Task prompt
Once you find the line below that has "dog treats and", output it and every line after it exactly, stopping after the line that has "These crusted Seared", with no pictures.

Input records
▬▬▬

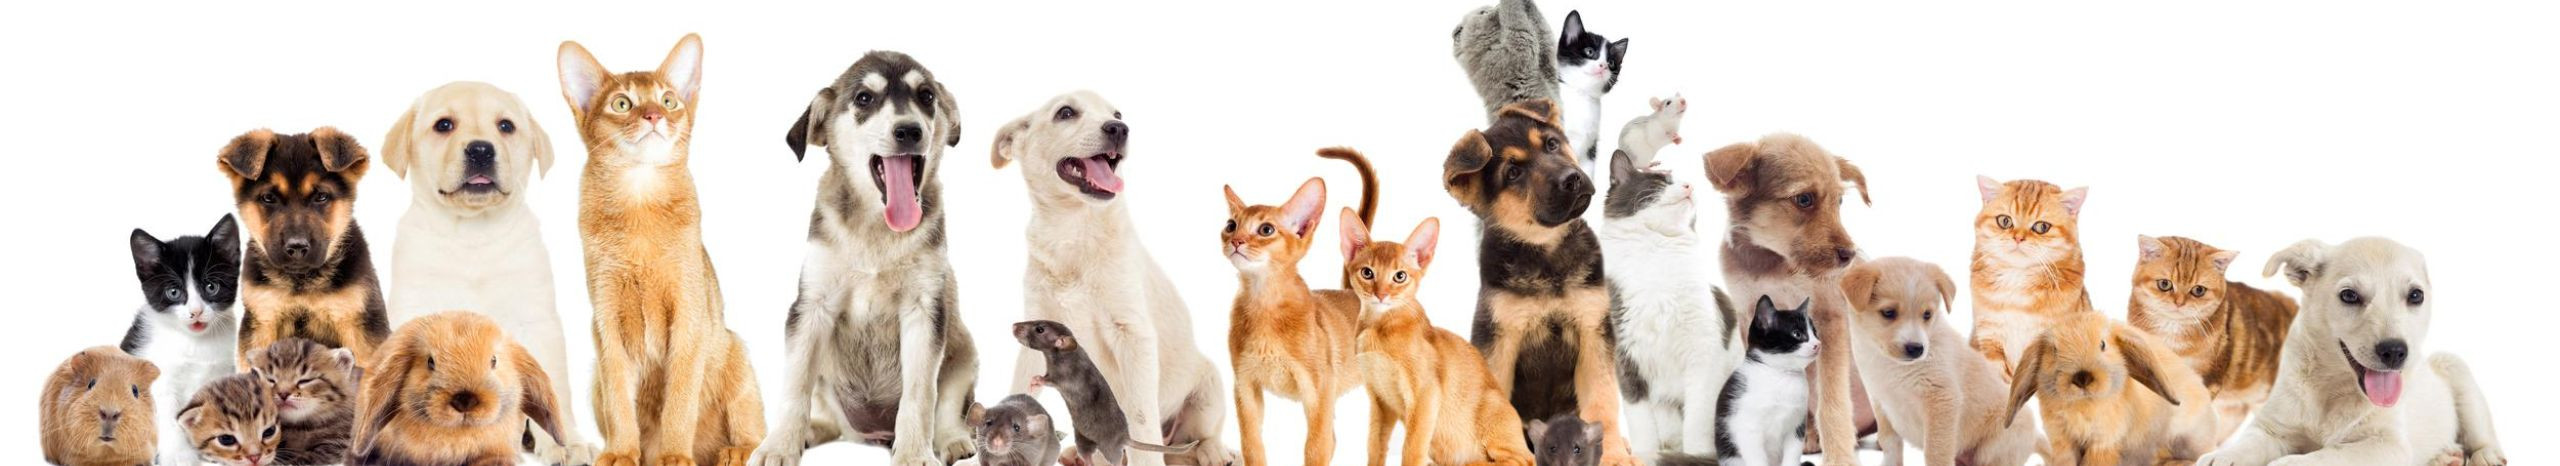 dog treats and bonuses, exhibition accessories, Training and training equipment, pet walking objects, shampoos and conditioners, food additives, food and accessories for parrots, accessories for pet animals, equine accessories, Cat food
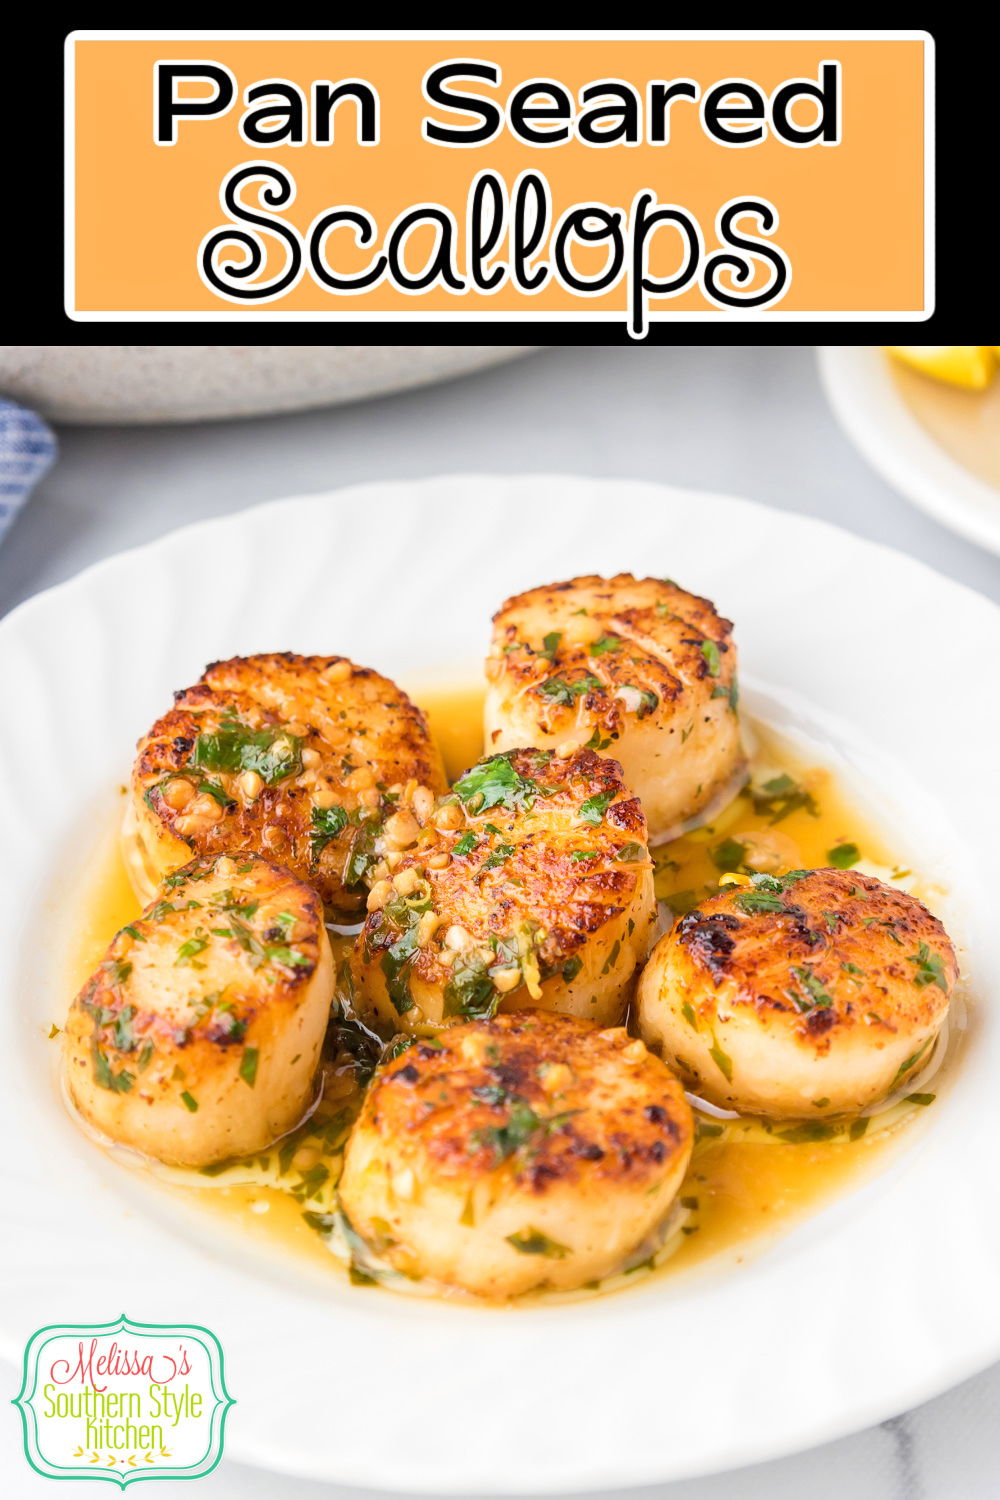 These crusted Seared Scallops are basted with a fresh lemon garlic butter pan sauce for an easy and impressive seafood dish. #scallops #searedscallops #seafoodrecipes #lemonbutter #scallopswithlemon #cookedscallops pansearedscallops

▬▬▬

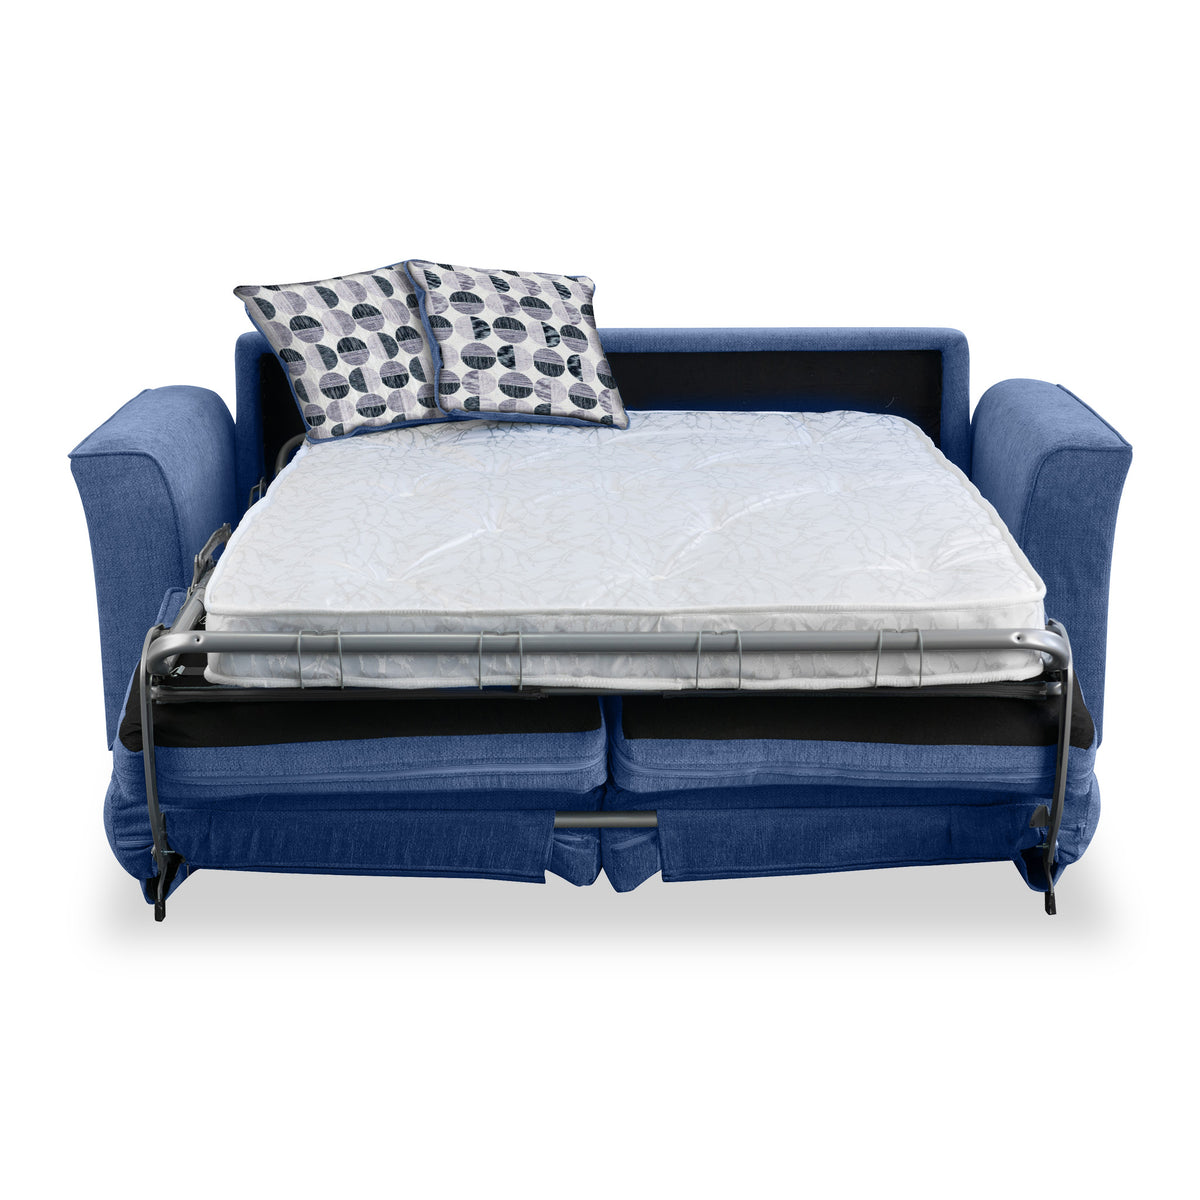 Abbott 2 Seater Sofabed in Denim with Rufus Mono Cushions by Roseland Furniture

▬▬▬

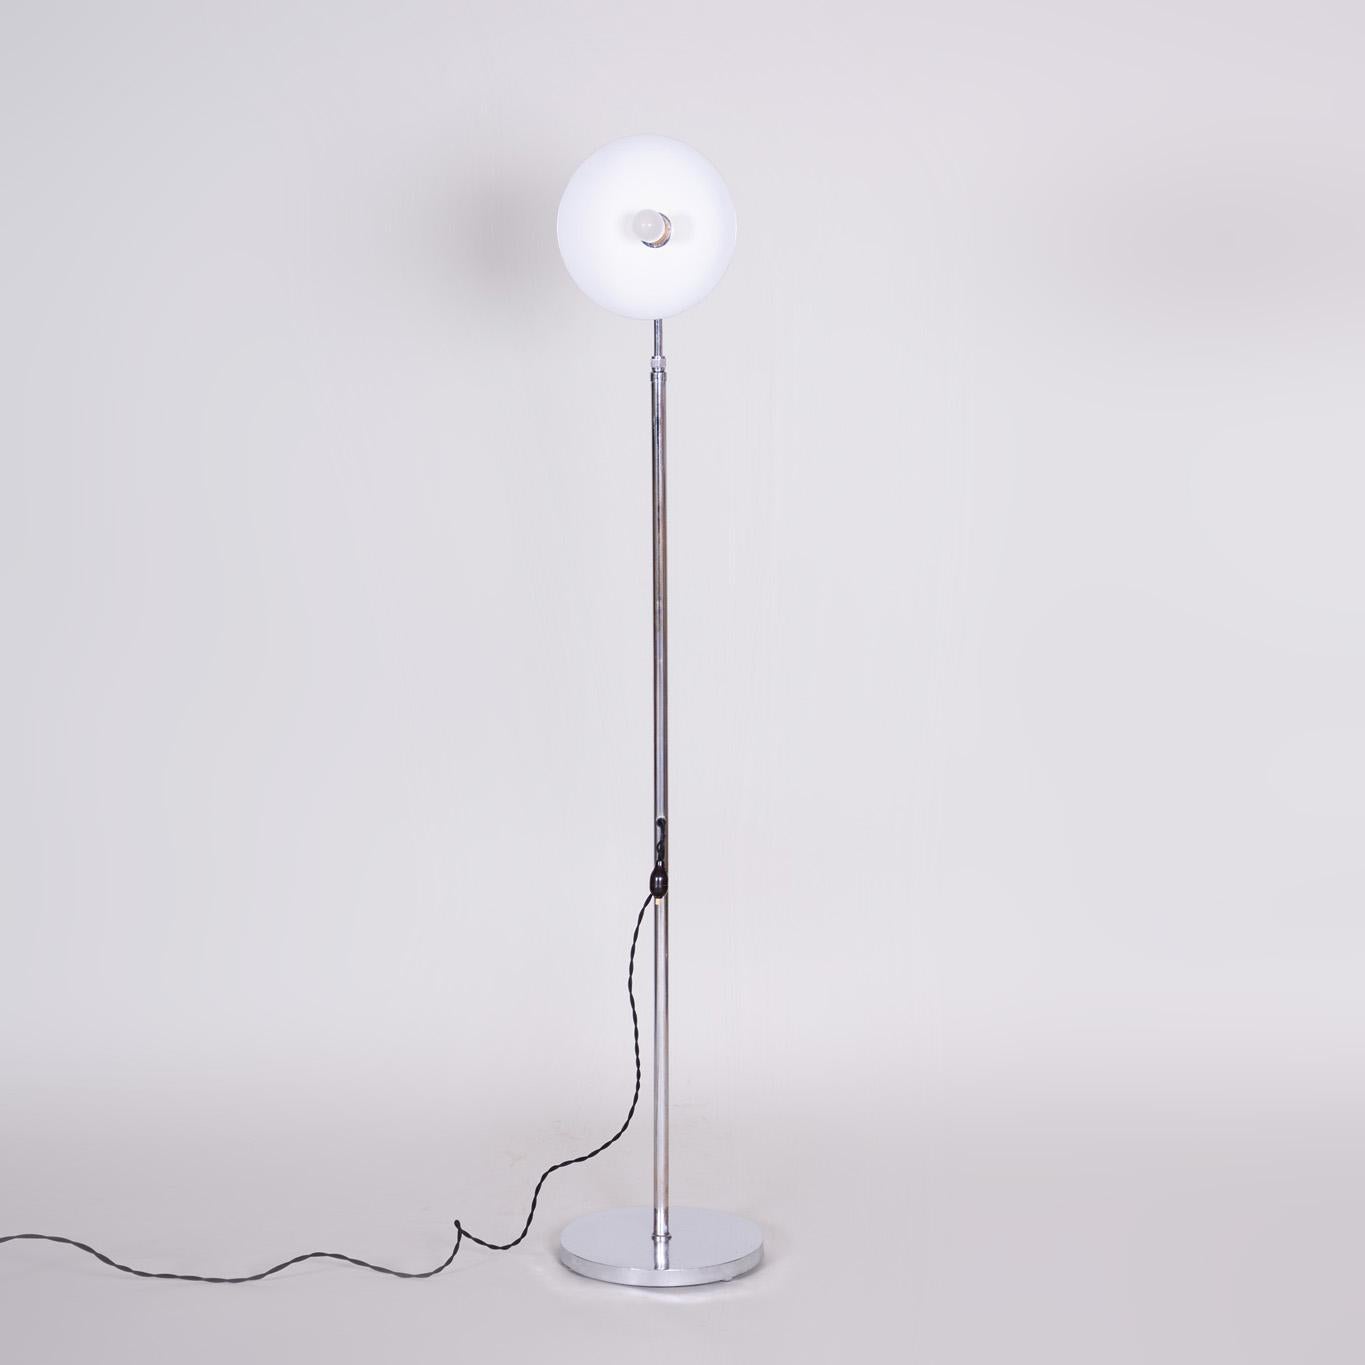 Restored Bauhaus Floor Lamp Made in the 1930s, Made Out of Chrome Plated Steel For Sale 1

▬▬▬

Answer space
 dog treats and bonuses, exhibition accessories, Training and training equipment, pet walking objects, shampoos and conditioners, food additives, food and accessories for parrots, accessories for pet animals, equine accessories, Cat food
 These crusted Seared Scallops are basted with a fresh lemon garlic butter pan sauce for an easy and impressive seafood dish. #scallops #searedscallops #seafoodrecipes #lemonbutter #scallopswithlemon #cookedscallops pansearedscallops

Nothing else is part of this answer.